(NewsNation) — Eric Dudash, an Air Force veteran and retired Chief Master Sergeant, dealt with Post-Traumatic Stress Disorder after being deployed 17 times, including during the Gulf War in Operation Desert Storm.
“It’s a daily battle,” the 30-year veteran said.
However, Dudash’s life was changed “forever” after he got a pet named Phantom through Warrior Freedom Service Dogs. Warrior Freedom is a non-profit organization dedicated to connecting combat veterans suffering from PTSD to trained service dogs.
“They actually saved my life,” Dudash said on “Morning in America.”
While he had good days, some of his bad days got so severe that he had to seek help.
“Warrior Freedom did that,” he said. “Phantom did that. Phantom chose me when he was a year old.”
To help Dudash, Phantom always sits in a position to make sure no one comes up from him from behind — “not to bite them, but just probably lick them to death.”
“If I’m jittery or if my knee starts bouncing, he will lay his paw on my knee and I’ll pat his hand,” Dudash said.
Dudash still gets assistance from the United States Department of Veterans Affairs and goes through Cognitive Processing Therapy training.

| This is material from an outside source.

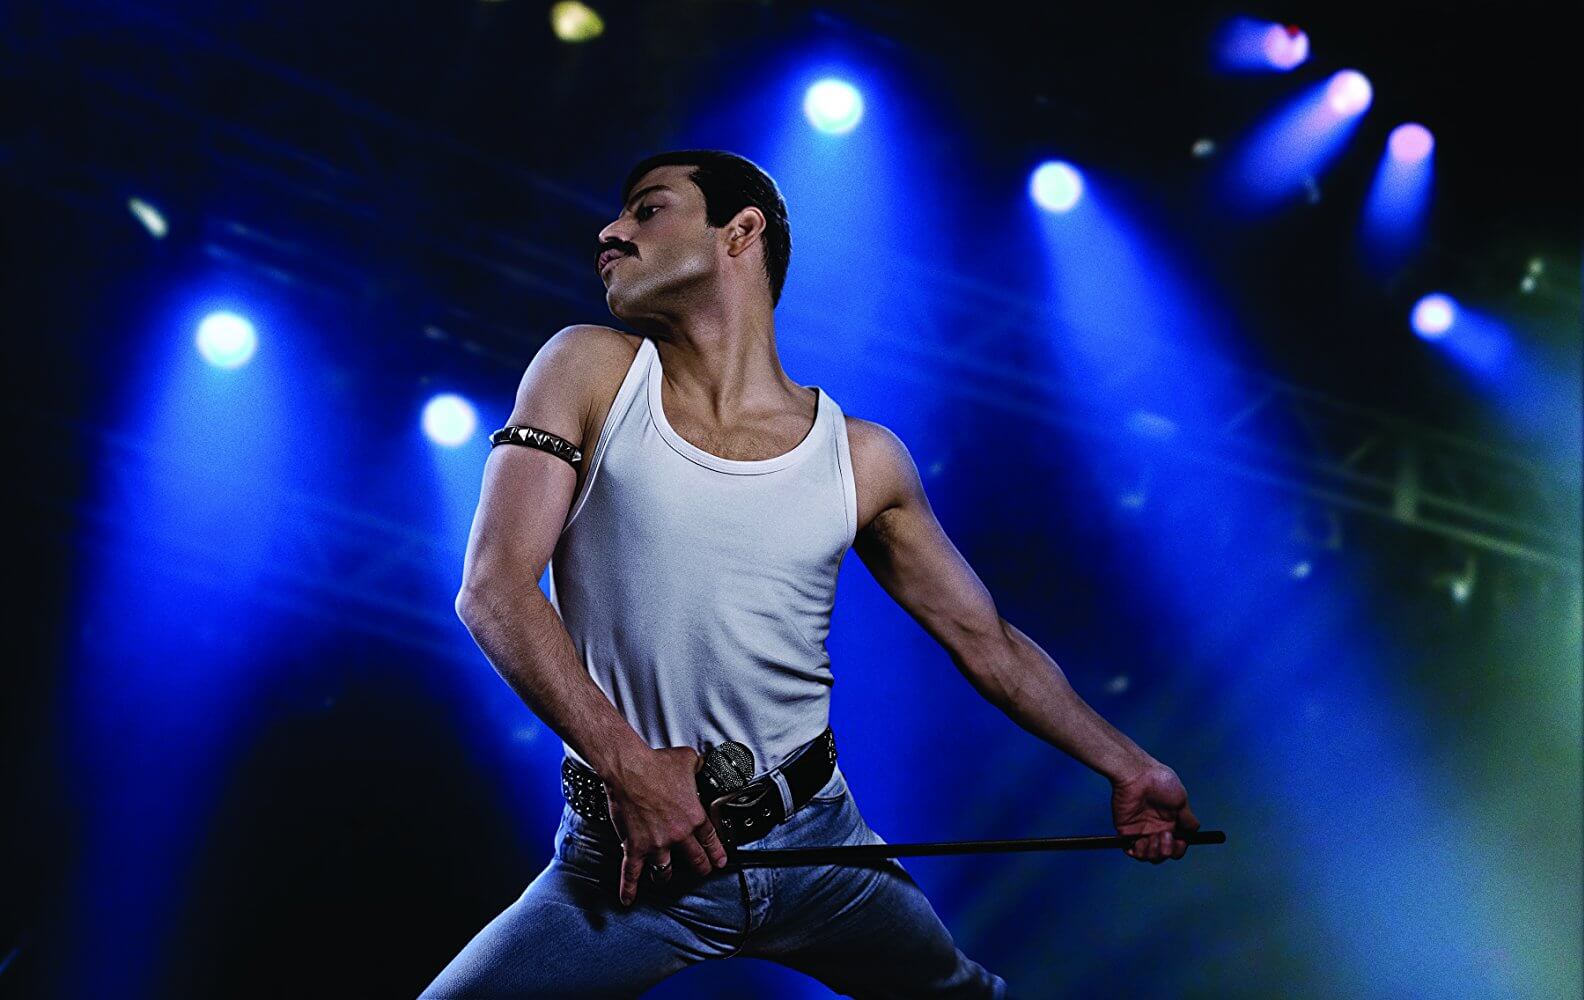 Bohemian Rhapsody | Fox promove exposição de figurinos do filme no Brasil

Having Phantom, though, means Dudash has been able to lower the amount of medication he takes.
“The VA is pretty excited about that,” Dudash said.
Recently, Dudash received Alabama’s Veteran of the Year award.
“I am so humbled and honored because I didn’t know anything about it,” he said.
He does a lot of work with the Veterans of Foreign Wars, where he tries to spread a message that’s close to his heart.
“It’s OK to not be OK,” he said. “There is help. There are organizations out there that will help you. You’re not alone.”